C17Z15 adds the node side of backend relay replacement policy. The agent
advertises the relay replacement contract capability and emits
`c17z15.mesh_rendezvous_lease_report.v1`; stale relay state is matched to the
exact rendezvous lease/relay when that metadata is present, so an alternate
replacement lease for the same peer is not treated as stale by association.
This remains control-plane health only and does not enable service payload
forwarding.
C17Z16 adds route/path decision reporting.

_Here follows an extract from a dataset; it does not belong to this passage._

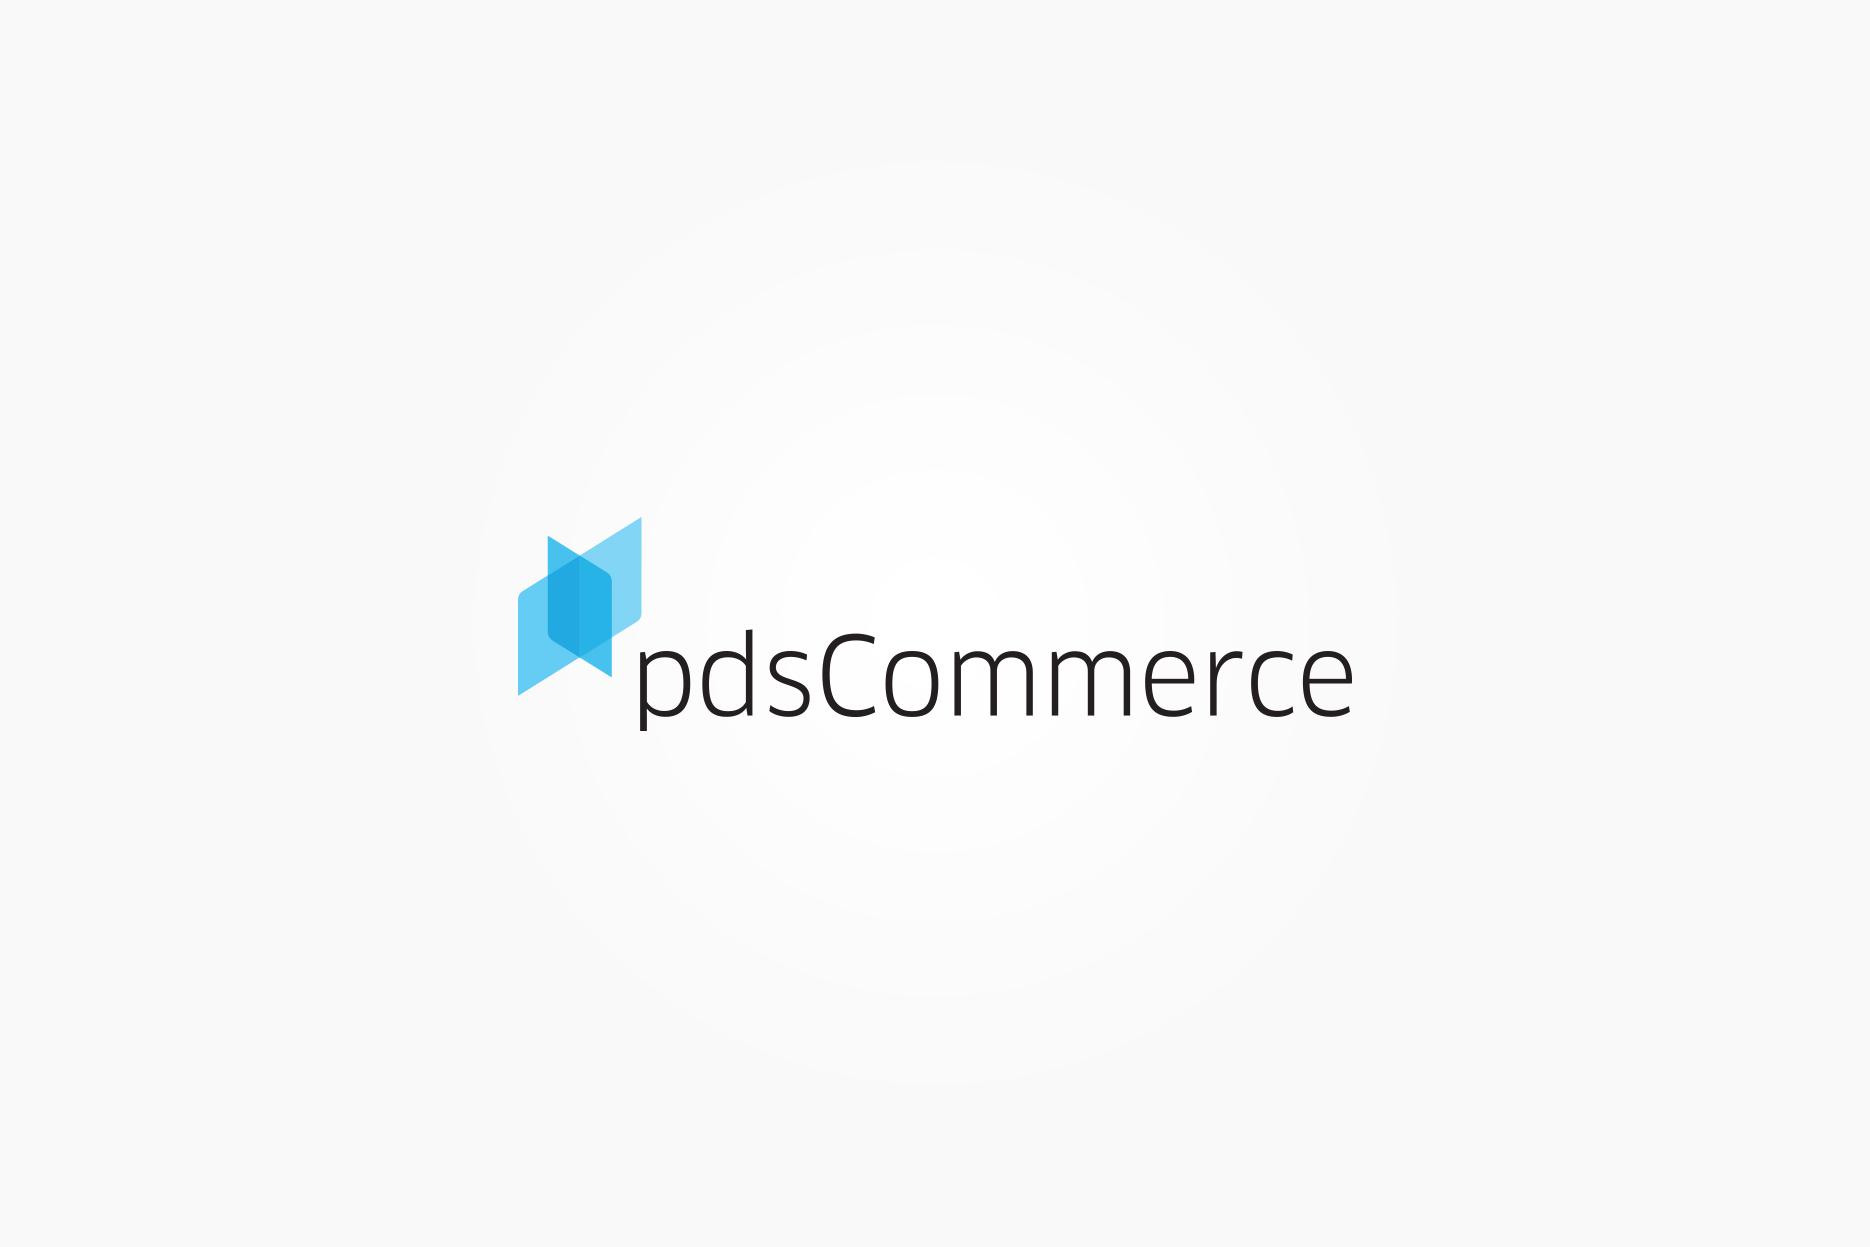 pdsc_logo

The agent consumes
`route_path_decisions` from Control Plane synthetic config, keeps the latest
control-plane generation in local state, and emits
`c17z18.mesh_route_path_decision_report.v1` with effective hops, previous/next
hop, selected replacement relay, generation, and no-payload boundary flags.

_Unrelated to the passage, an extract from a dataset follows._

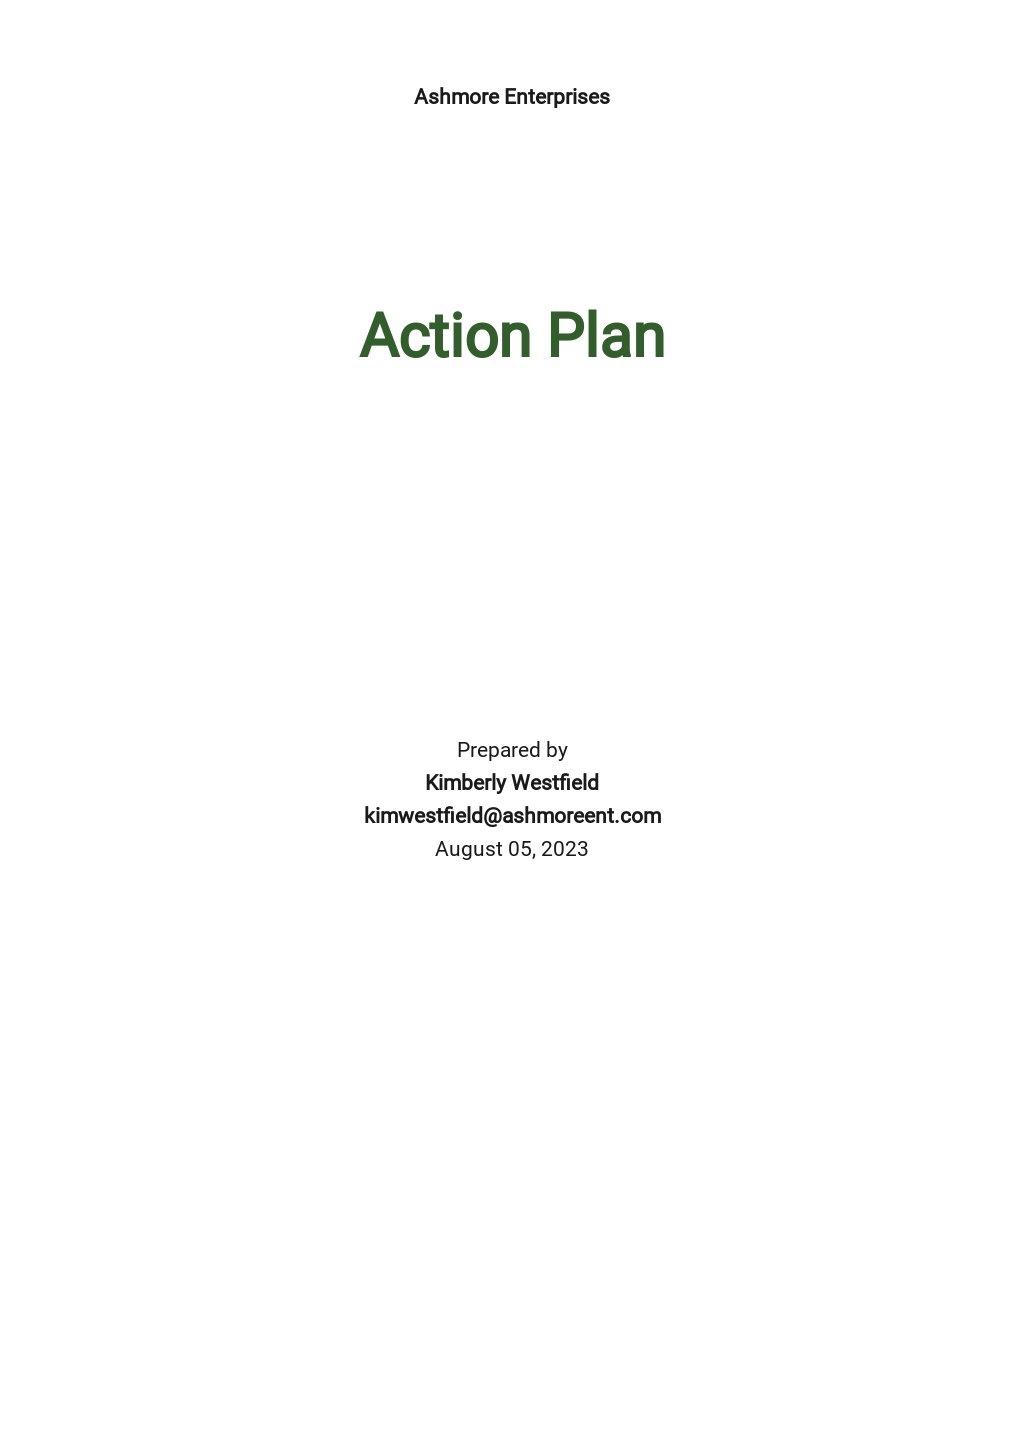 Recruitment Action Plan Template [Free PDF] - Google Docs, Word, PDF

This remains metadata-only route planning and does not enable service payload
forwarding.
C17Z17 adds node-side route generation tracking for Control Plane
`route_path_decisions`. The agent emits
`c17z18.mesh_route_generation_report.v1` with active, applied, unchanged, and
withdrawn decision counts, total counters, generation change state, active
decision details, and withdrawn decision details. When the first observed
config already contains a stale relay replacement, the tracker emits a
`withdrawn_by_replacement` record for the old relay path. This remains
metadata-only route planning and does not enable service payload forwarding.
C17Z18 applies Control Plane `route_path_decisions` to synthetic route-health
route config only. The agent keeps base routes separate from route-health
routes, periodically refreshes scoped config, emits
`c17z18.mesh_route_health_config_report.v1`, and reports route-health
observations with expected/observed hops and drift status. This probes
replacement relay effective paths for control-plane health only and does not
enable service payload forwarding.
Scoped synthetic config shape:
```json
{
"schema_version": "c17z18.synthetic.v1",
"cluster_id": "cluster-1",
"local_node_id": "node-a",
"config_version": "config-v1",
"peer_directory_version": "peers-v1",
"policy_version": "policy-v1",
"peer_endpoints": {
"node-b": "http://127.0.0.1:19002"
},
"peer_endpoint_candidates": {
"node-b": [
{
"endpoint_id": "node-b-public",
"node_id": "node-b",
"transport": "direct_tcp_tls",
"address": "203.0.113.20:443",
"reachability": "public",
"nat_type": "restricted",
"connectivity_mode": "direct",
"priority": 10
}
]
},
"routes": [],
"route_path_decisions": {
"schema_version": "c17z18.route_path_decisions.v1",
"decisions": []
}
}
```
## C17E Live Synthetic Smoke
Run:
```powershell
cd agents\rap-node-agent
go run .\cmd\mesh-live-smoke
```
Expected:
- scoped synthetic config loads
- direct `node-a -> node-b` synthetic probe succeeds
- relay `node-a -> node-r -> node-b` synthetic probe succeeds
- bounded `synthetic.echo` test-service succeeds
- `production_forwarding=false`
## Safety Rules
- The agent never assigns roles to itself.
- The agent reports capabilities only.
- Platform policy assigns roles.
- No RDP/VPN/production service traffic is carried by the C17A-C17Z18 staged
mesh runtime.
- Production forwarding remains disabled by default and limited to
`fabric.control` when explicitly enabled.
- No privileged operations are performed by the current agent.